From 5432fcb43ffd11db20294a62caf962df7f9cae82 Mon Sep 17 00:00:00 2001
From: wilfChen <chenweifeng720@huawei.com>
Date: Sat, 18 Apr 2020 09:26:45 +0800
Subject: [PATCH] gpu support RMSProp kernel

---
 .../kernel/gpu/cuda_impl/rmsprop_impl.cu      |  68 ++++++++
 .../kernel/gpu/cuda_impl/rmsprop_impl.cuh     |  30 ++++
 .../ccsrc/kernel/gpu/nn/rmsprop_gpu_kernel.cc |  49 ++++++
 .../ccsrc/kernel/gpu/nn/rmsprop_gpu_kernel.h  | 110 +++++++++++++
 tests/st/ops/test_rmsprop.py                  | 152 ++++++++++++++++++
 5 files changed, 409 insertions(+)
 create mode 100644 mindspore/ccsrc/kernel/gpu/cuda_impl/rmsprop_impl.cu
 create mode 100644 mindspore/ccsrc/kernel/gpu/cuda_impl/rmsprop_impl.cuh
 create mode 100644 mindspore/ccsrc/kernel/gpu/nn/rmsprop_gpu_kernel.cc
 create mode 100644 mindspore/ccsrc/kernel/gpu/nn/rmsprop_gpu_kernel.h
 create mode 100644 tests/st/ops/test_rmsprop.py
diff --git a/mindspore/ccsrc/kernel/gpu/cuda_impl/rmsprop_impl.cu b/mindspore/ccsrc/kernel/gpu/cuda_impl/rmsprop_impl.cu
new file mode 100644
index 000000000..31a4d97df
--- /dev/null
+++ b/mindspore/ccsrc/kernel/gpu/cuda_impl/rmsprop_impl.cu
@@ -0,0 +1,68 @@
+/**
+ * Copyright 2020 Huawei Technologies Co., Ltd
+ *
+ * Licensed under the Apache License, Version 2.0 (the "License");
+ * you may not use this file except in compliance with the License.

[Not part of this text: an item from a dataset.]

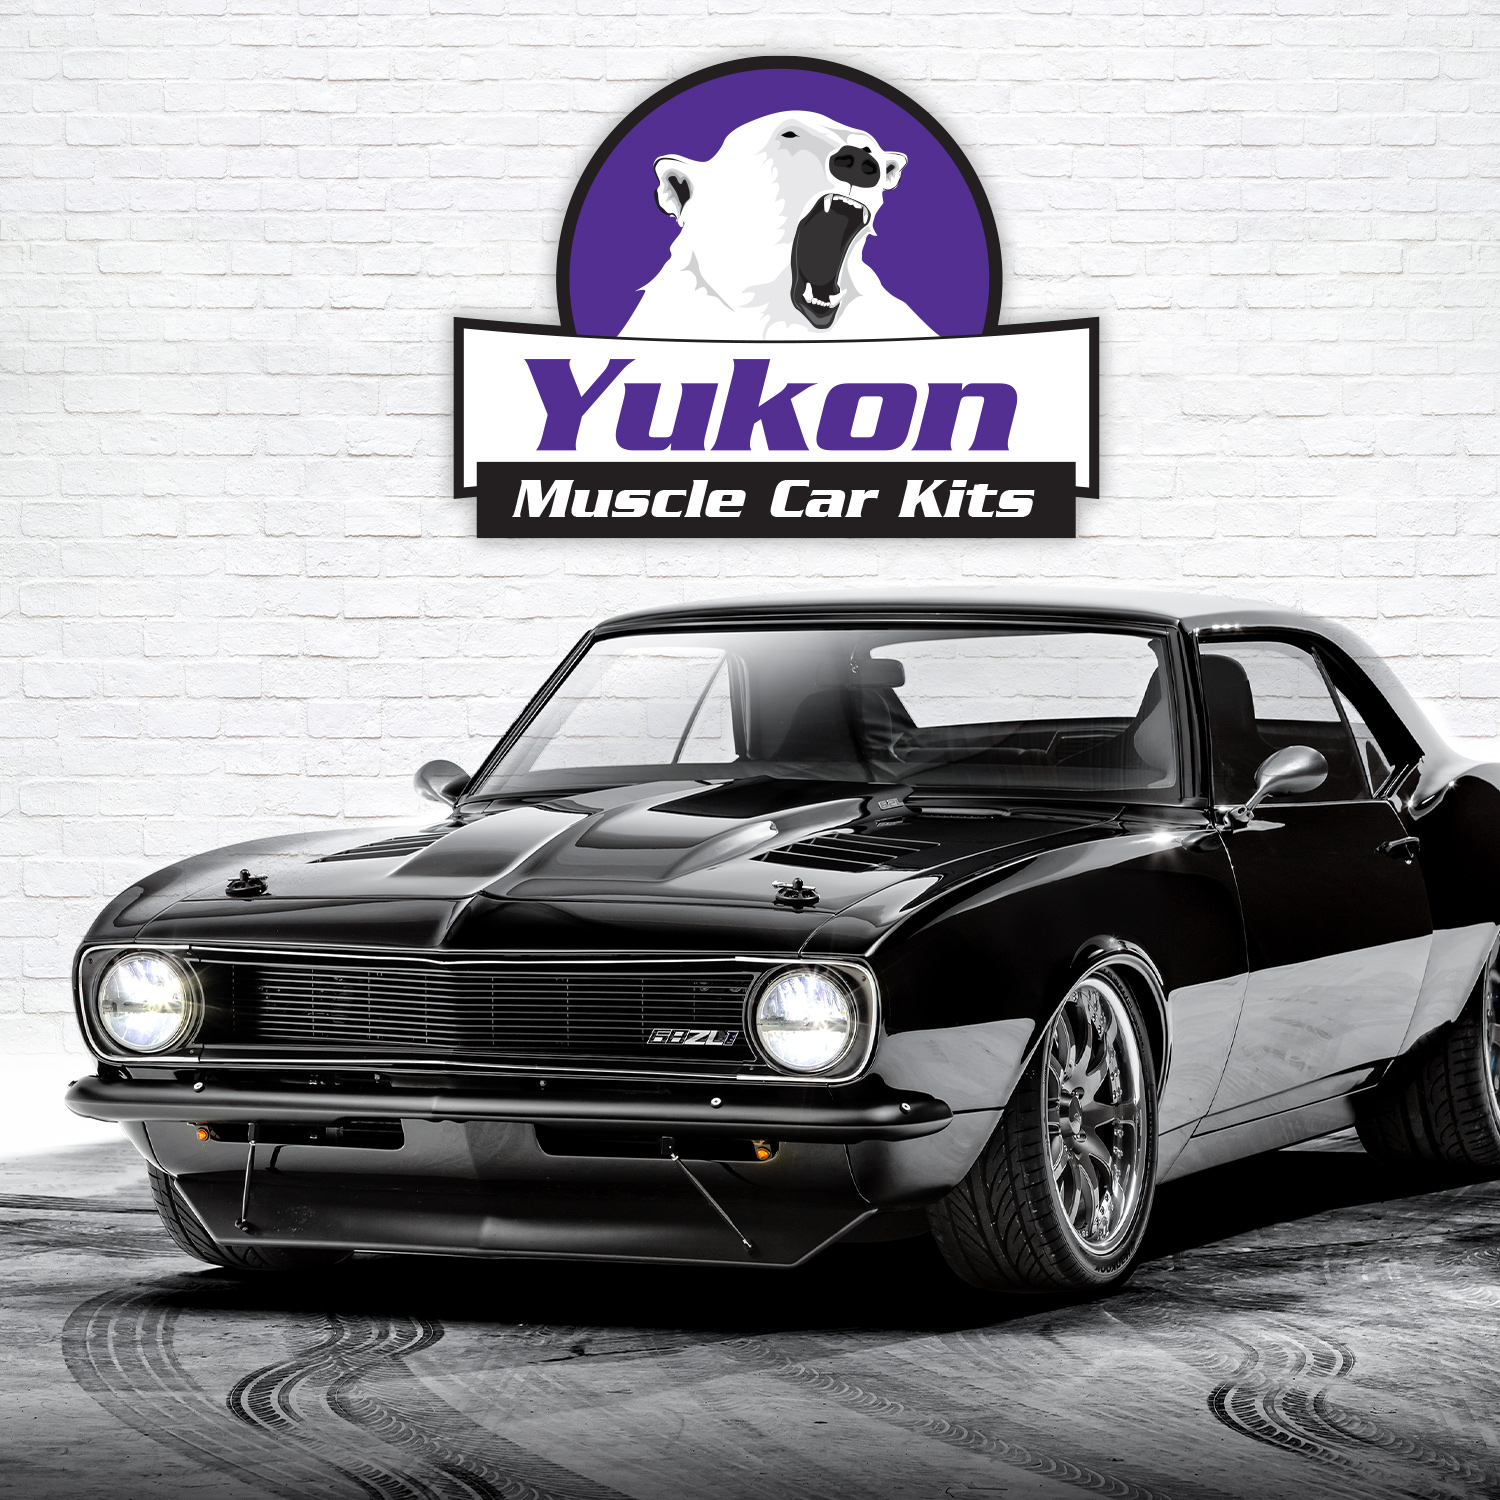 Yukon Muscle Car Re-Gear Kit for Chrysler 8.75” diff, 29 spline, 3.73 ratio 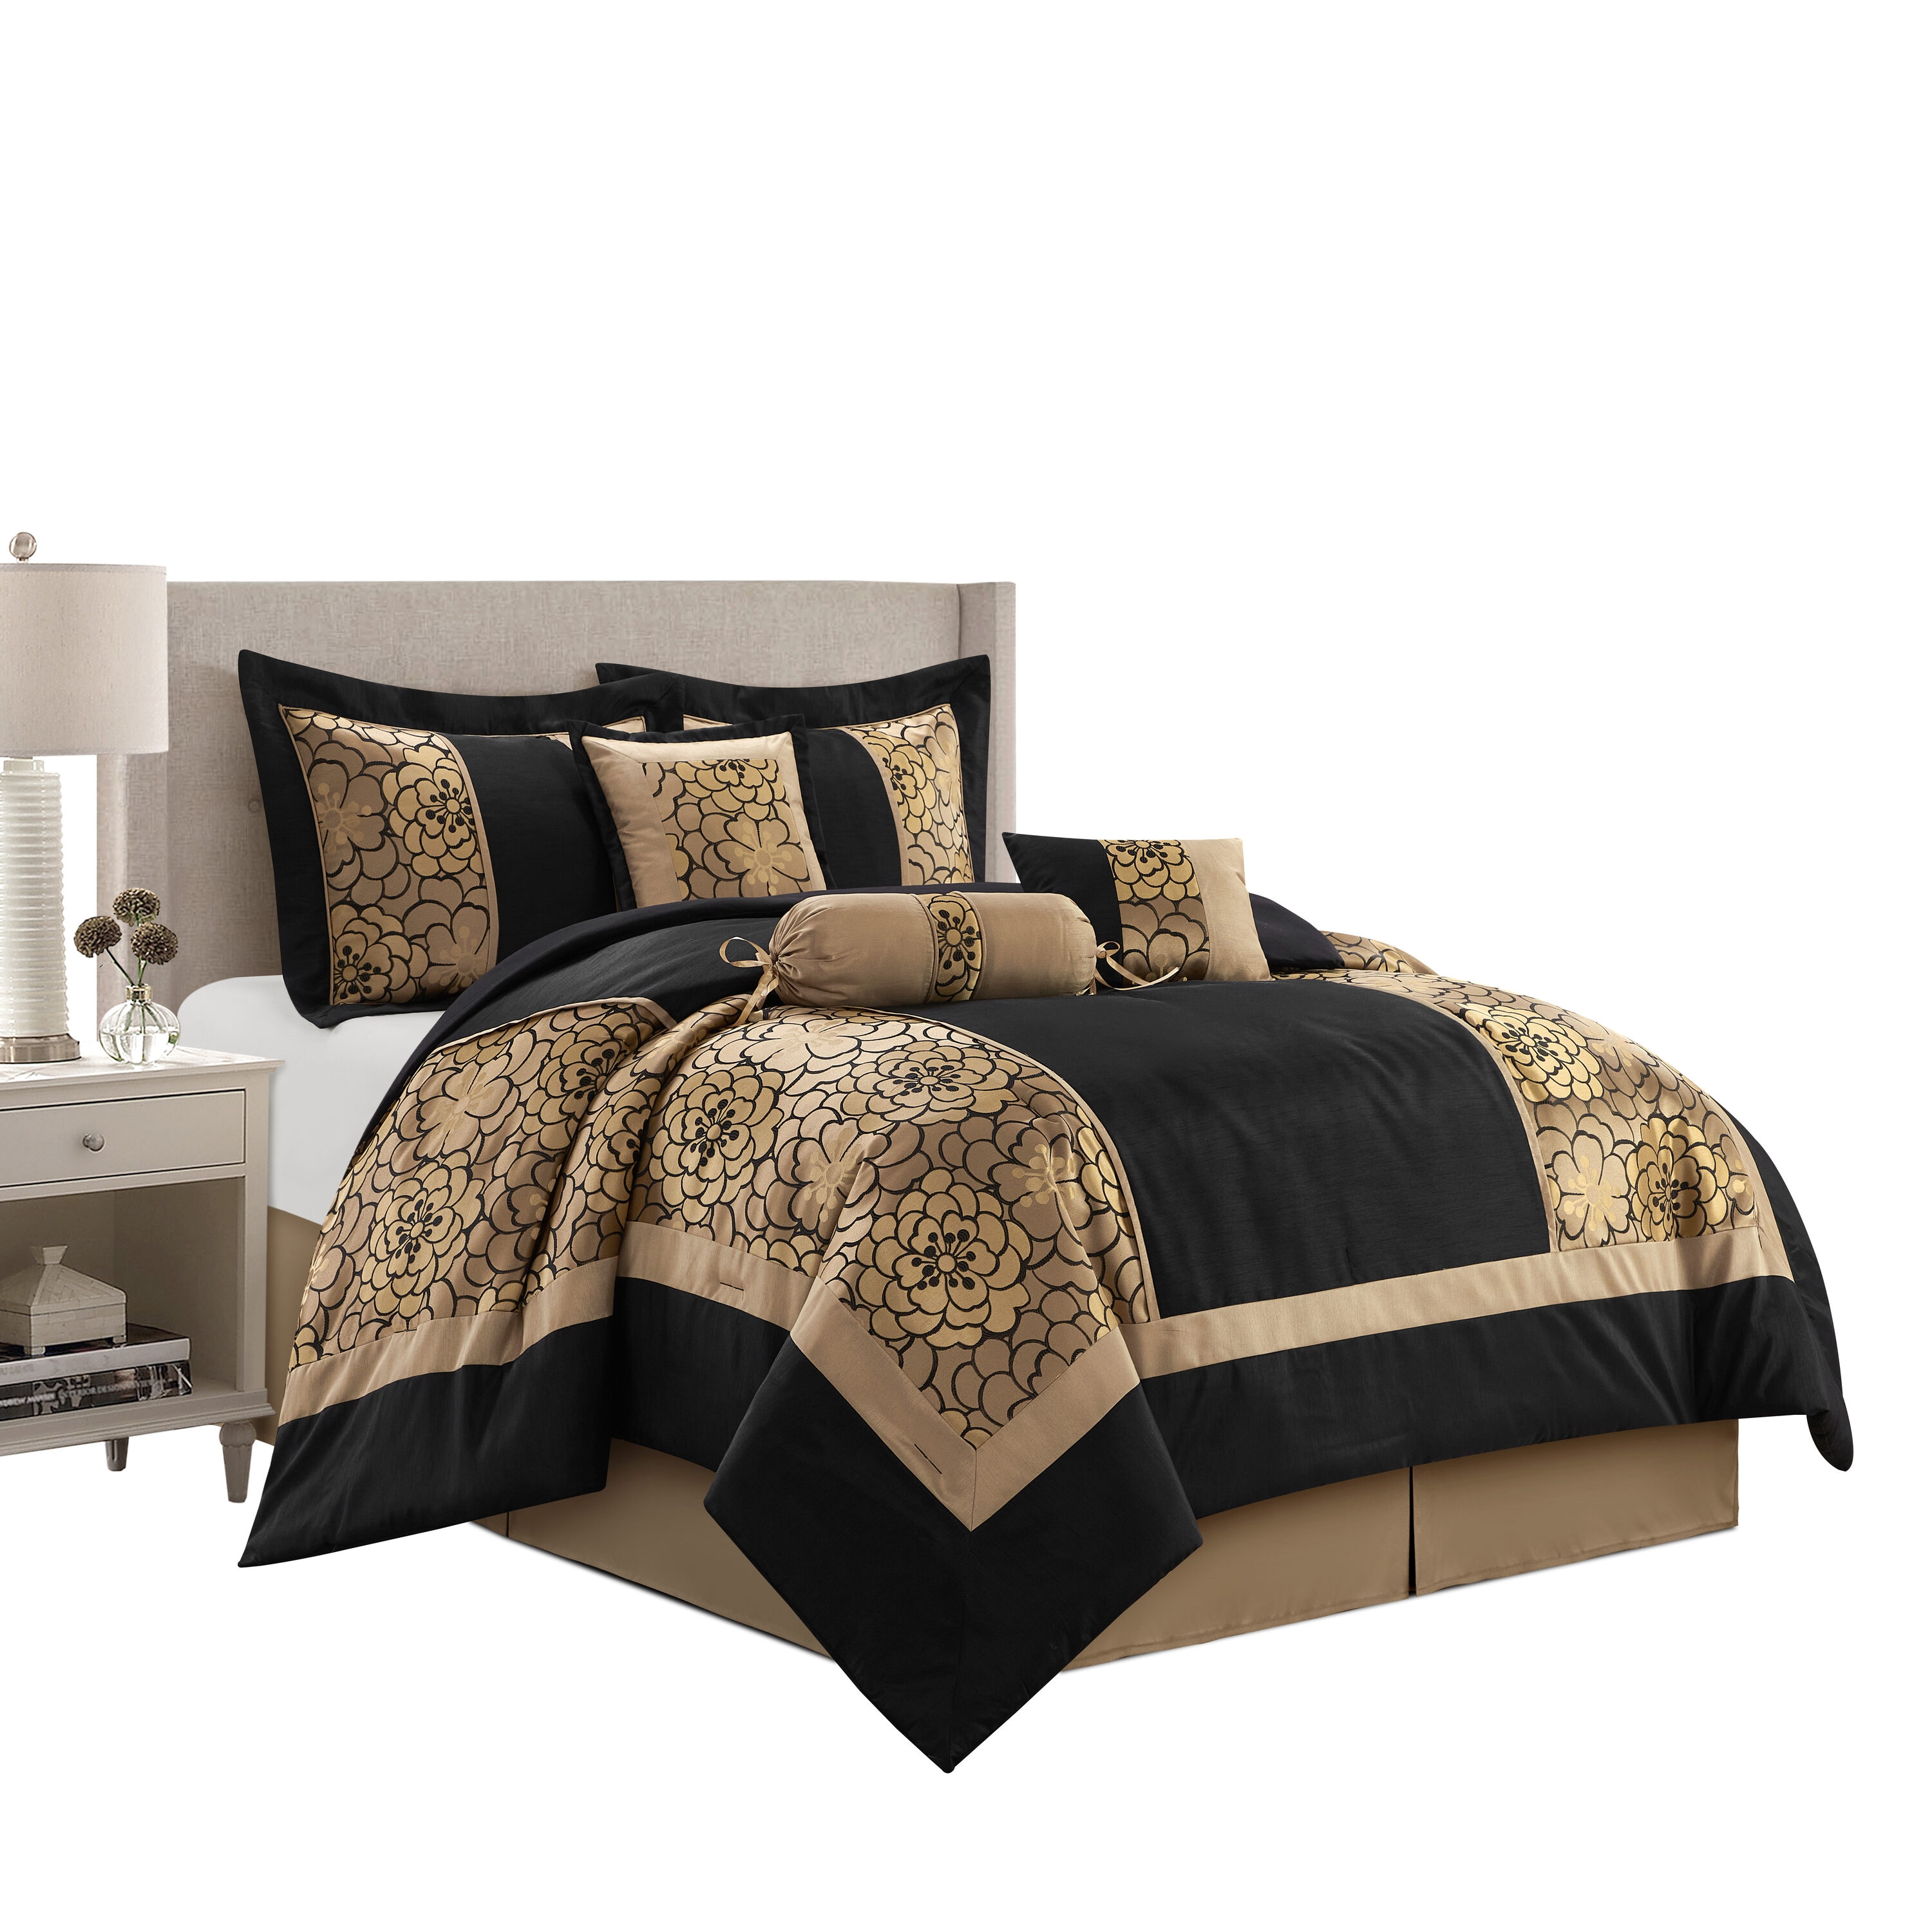 Grand Avenue Kitana 7-Piece Black/Gold King Comforter Set in the

+ * You may obtain a copy of the License at
+ *
+ * http://www.apache.org/licenses/LICENSE-2.0
+ *
+ * Unless required by applicable law or agreed to in writing, software
+ * distributed under the License is distributed on an "AS IS" BASIS,
+ * WITHOUT WARRANTIES OR CONDITIONS OF ANY KIND, either express or implied.
+ * See the License for the specific language governing permissions and
+ * limitations under the License.
+ */
+
+#include <iostream>
+#include "kernel/gpu/cuda_impl/rmsprop_impl.cuh"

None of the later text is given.